**Dataset content**
□ □ □ □ □ □ □

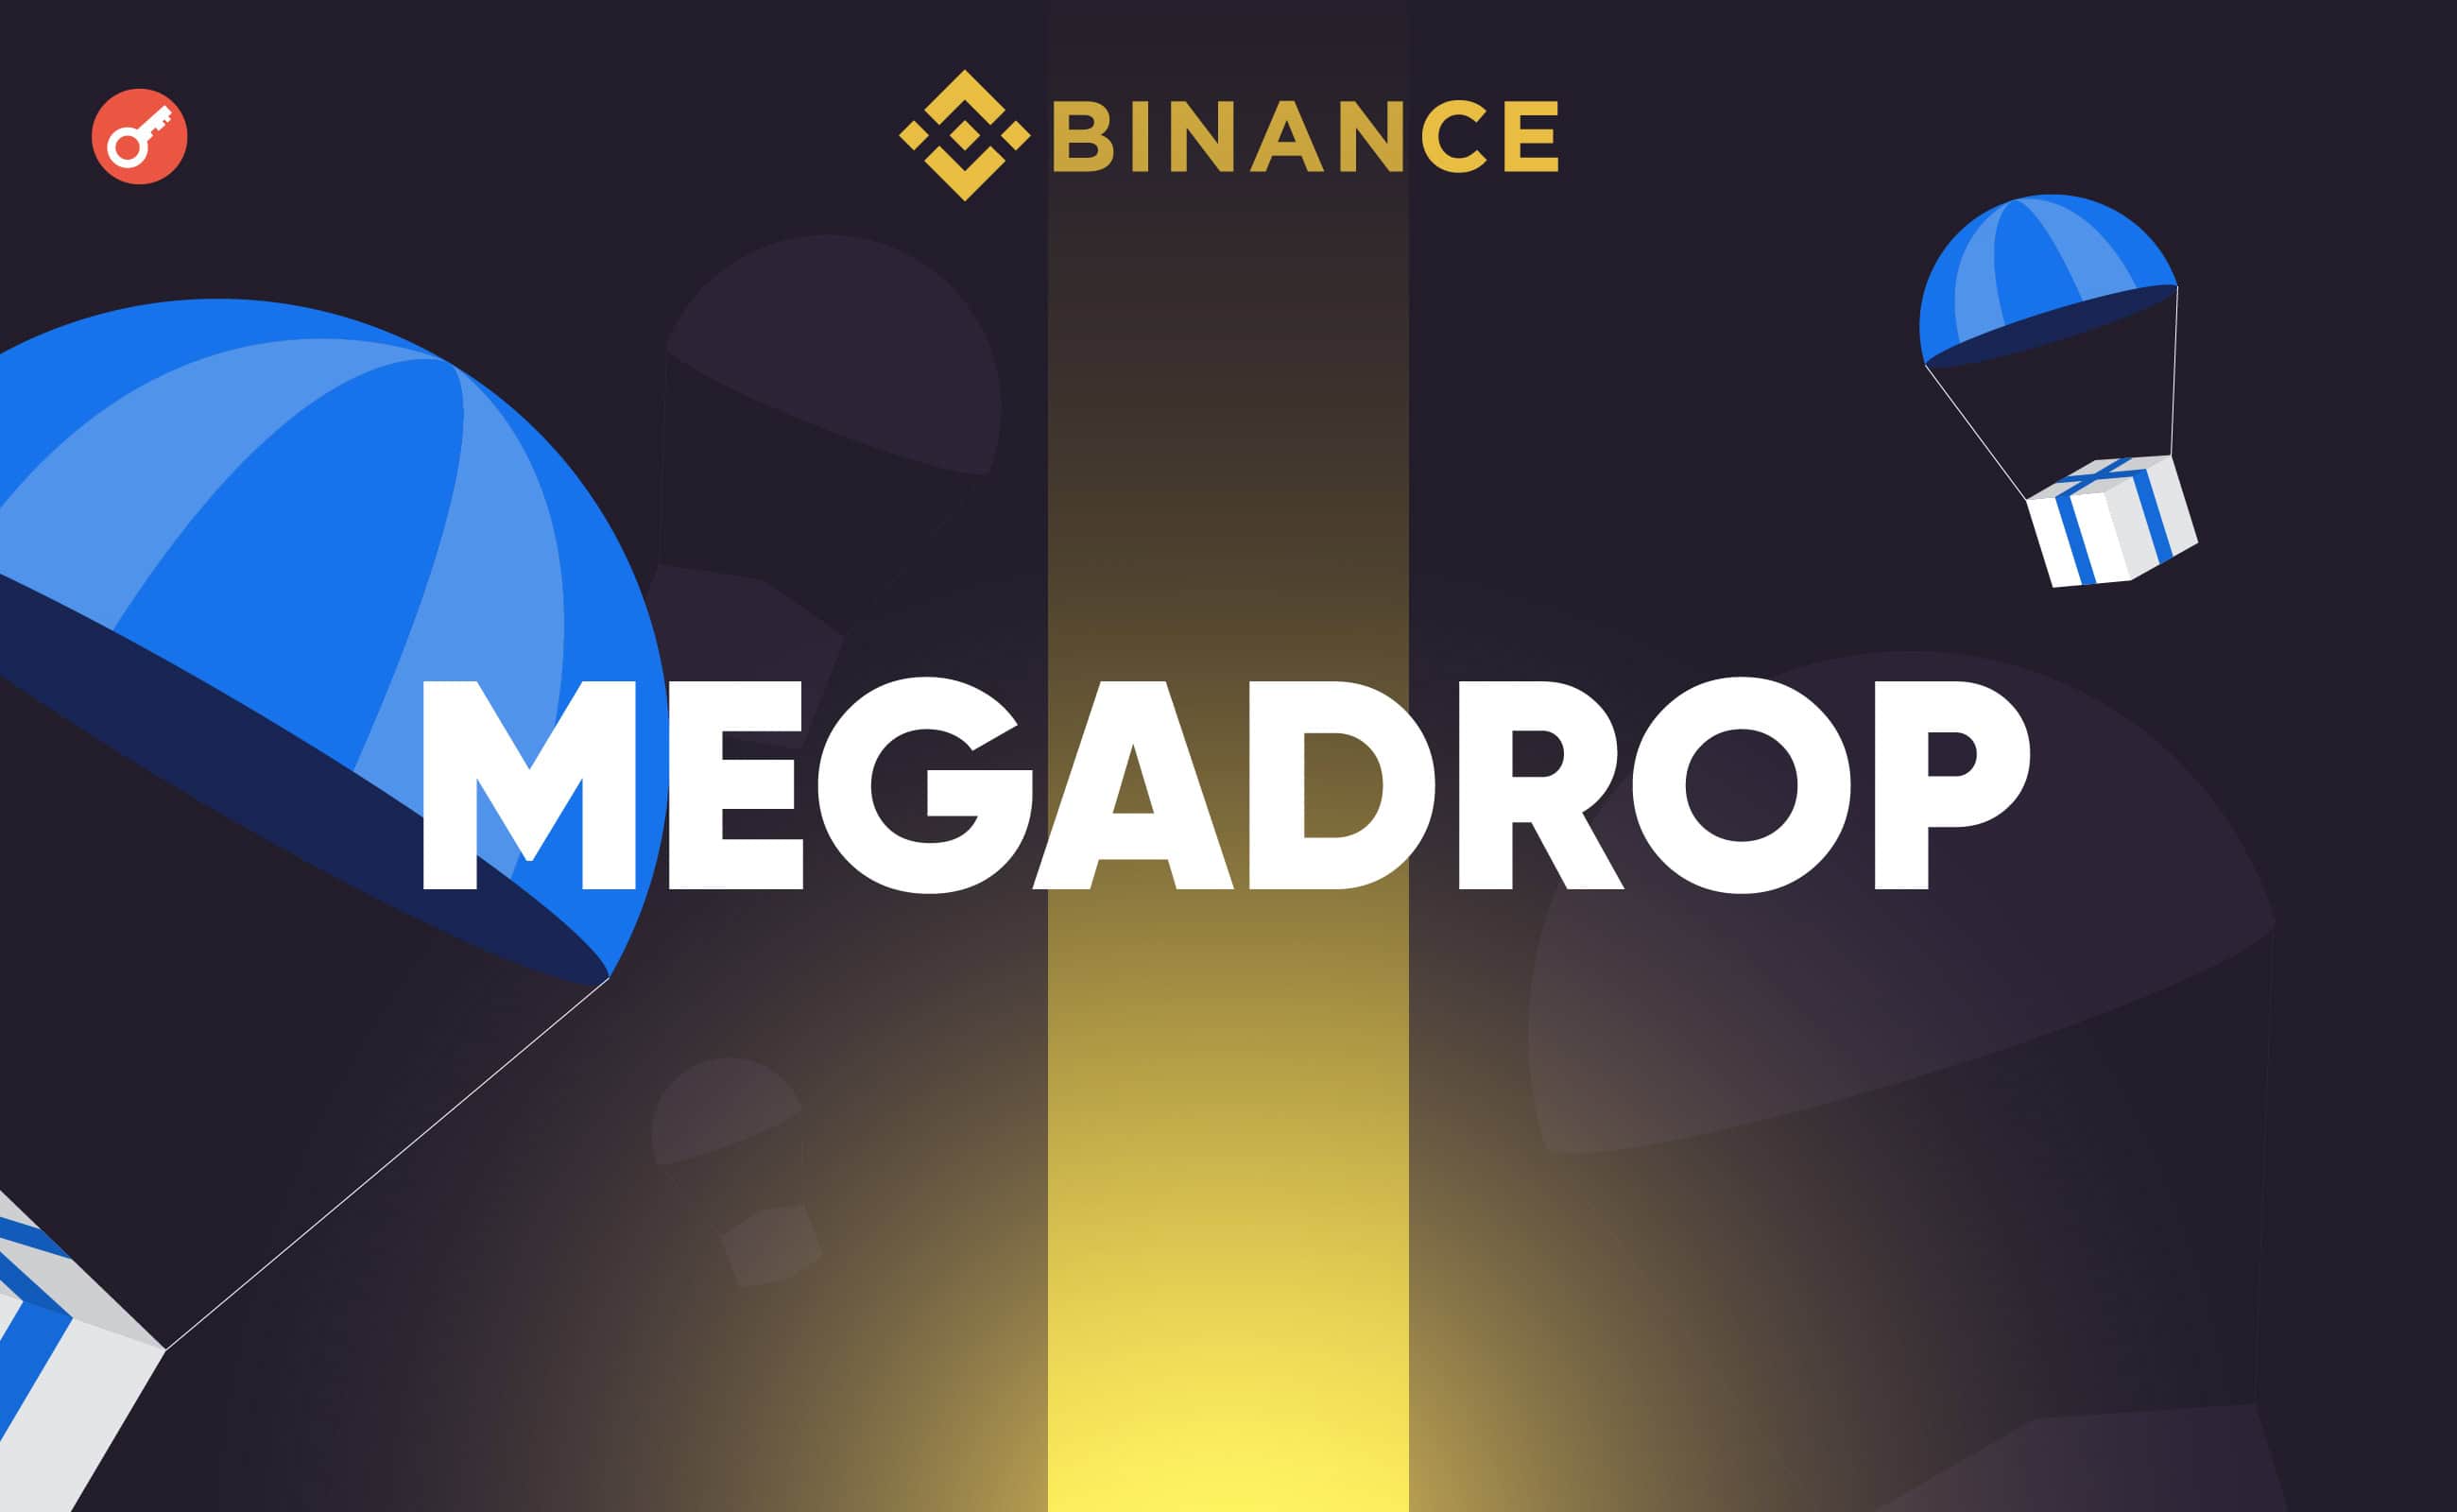 Binance запустила платформу Megadrop для аирдропов и Web3-квестов. Заглавный коллаж новости.
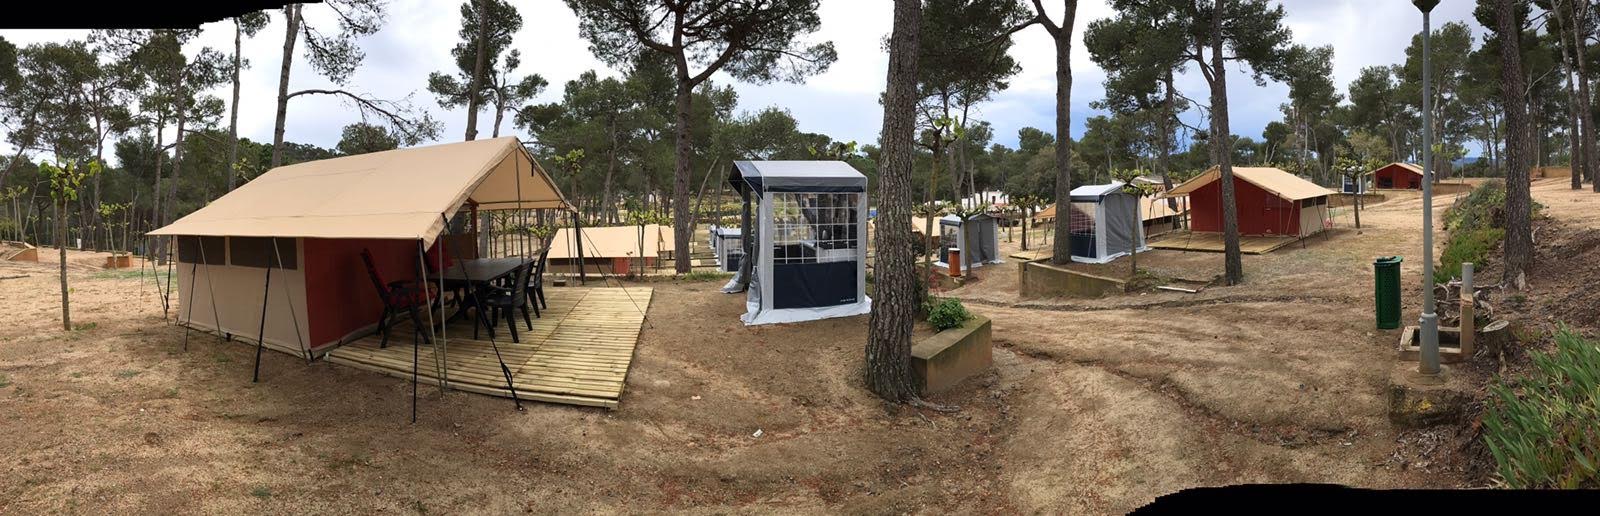 Rent a Safari tent in Spain at the Costa Brava
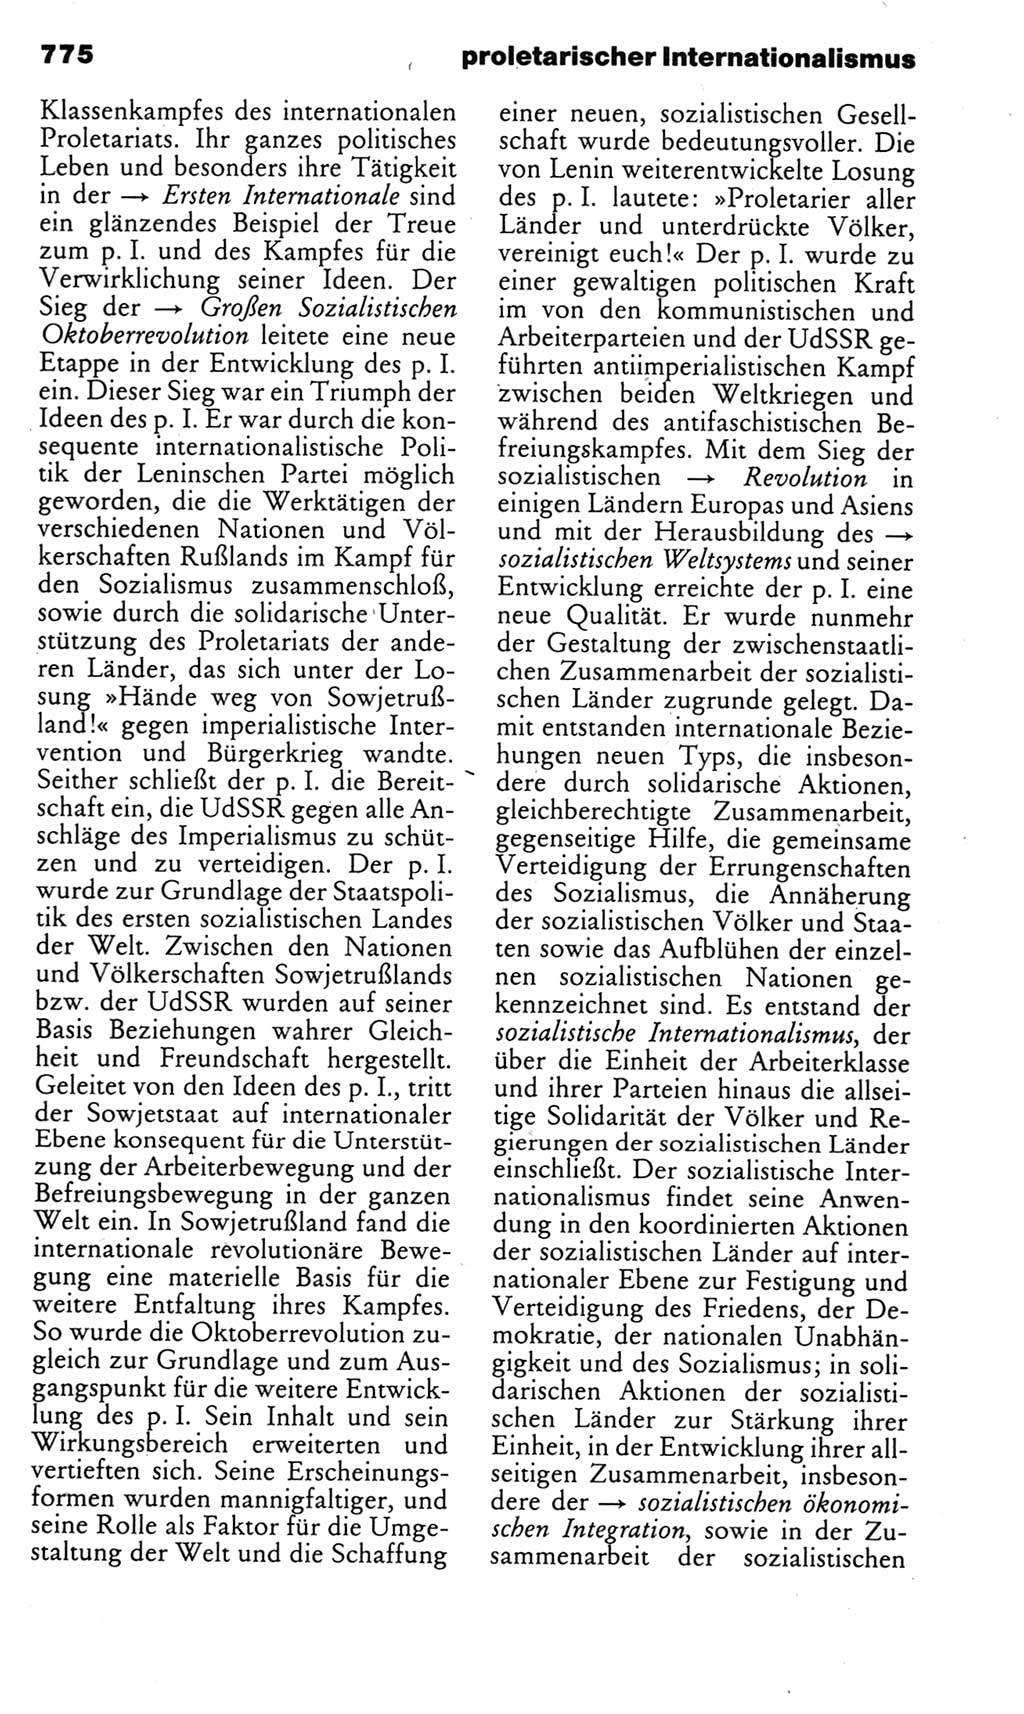 Kleines politisches Wörterbuch [Deutsche Demokratische Republik (DDR)] 1985, Seite 775 (Kl. pol. Wb. DDR 1985, S. 775)

□ □ □ □ □ □ □

**Exercise**
Return all of the material above unchanged, minus its pictures.

**Solution to the exercise**
 Binance запустила платформу Megadrop для аирдропов и Web3-квестов. Заглавный коллаж новости.
 Rent a Safari tent in Spain at the Costa Brava
 Kleines politisches Wörterbuch [Deutsche Demokratische Republik (DDR)] 1985, Seite 775 (Kl. pol. Wb. DDR 1985, S. 775)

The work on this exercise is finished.